We purposefully reported on the final follow-up assessment following SMI, as there is some evidence that psychological benefits may not always present immediately following an intervention [38]. Furthermore, identifying SMIs that deliver longer lasting effects offer the greatest benefit to people with MS and will be more appealing to service providers considering implementation [50]. We encountered multiple assessment time points across studies, from immediately post intervention up to 12 months after. Overall results were positive with evidence that improvements in QOL were maintained over time, which is consistent with the wider literature [51]. The longer lasting effects on reduction in depression and anxiety symptoms following an SMI are less conclusive, as the only study reporting improvement relative to a control group was directly following intervention completion [37]. Although beyond the scope of this review, studies examining SMI should consider the impact of timing on follow-up assessment, as different outcomes may be associated with different time frames which could have practice implications [50, 52].

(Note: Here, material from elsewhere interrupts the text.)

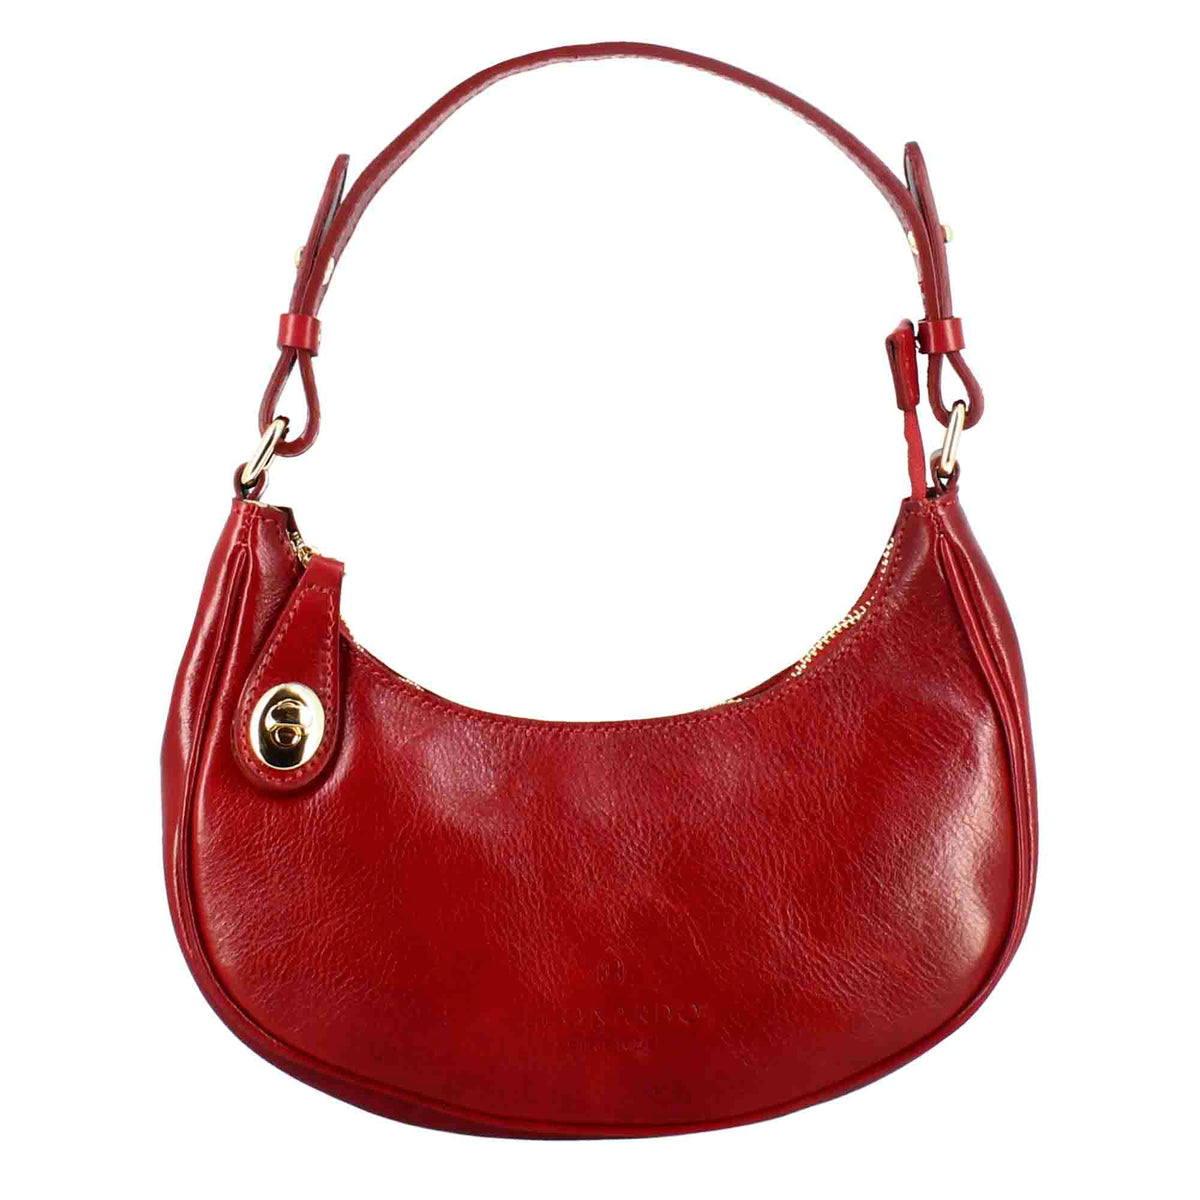 Jane shoulder bag in red leather with removable shoulder strap

Narrow inclusion criteria also meant that results could not be generalised to a wider MS population. Several studies recruited only those individuals who were functioning at a moderate to high level, with little physical disability, and who did not report severe depression or anxiety symptoms [29, 30, 32, 33, 37]. Correspondingly, studies have shown that people with MS who are less physically restricted are much less likely to experience psychological distress [53, 54]. It follows that if individuals are functioning at an optimal level prior to the intervention there is likely to be a ceiling effect; thereby making it very difficult to demonstrate any positive effects of the intervention as there is little room for improvement. This may explain the small magnitude of effect reported for improvements in QOL, and contribute to the non-significant findings reported for depression and anxiety in the current review. Future studies should widen selection criteria to prevent reporting bias towards younger people at the early stages of the disease trajectory.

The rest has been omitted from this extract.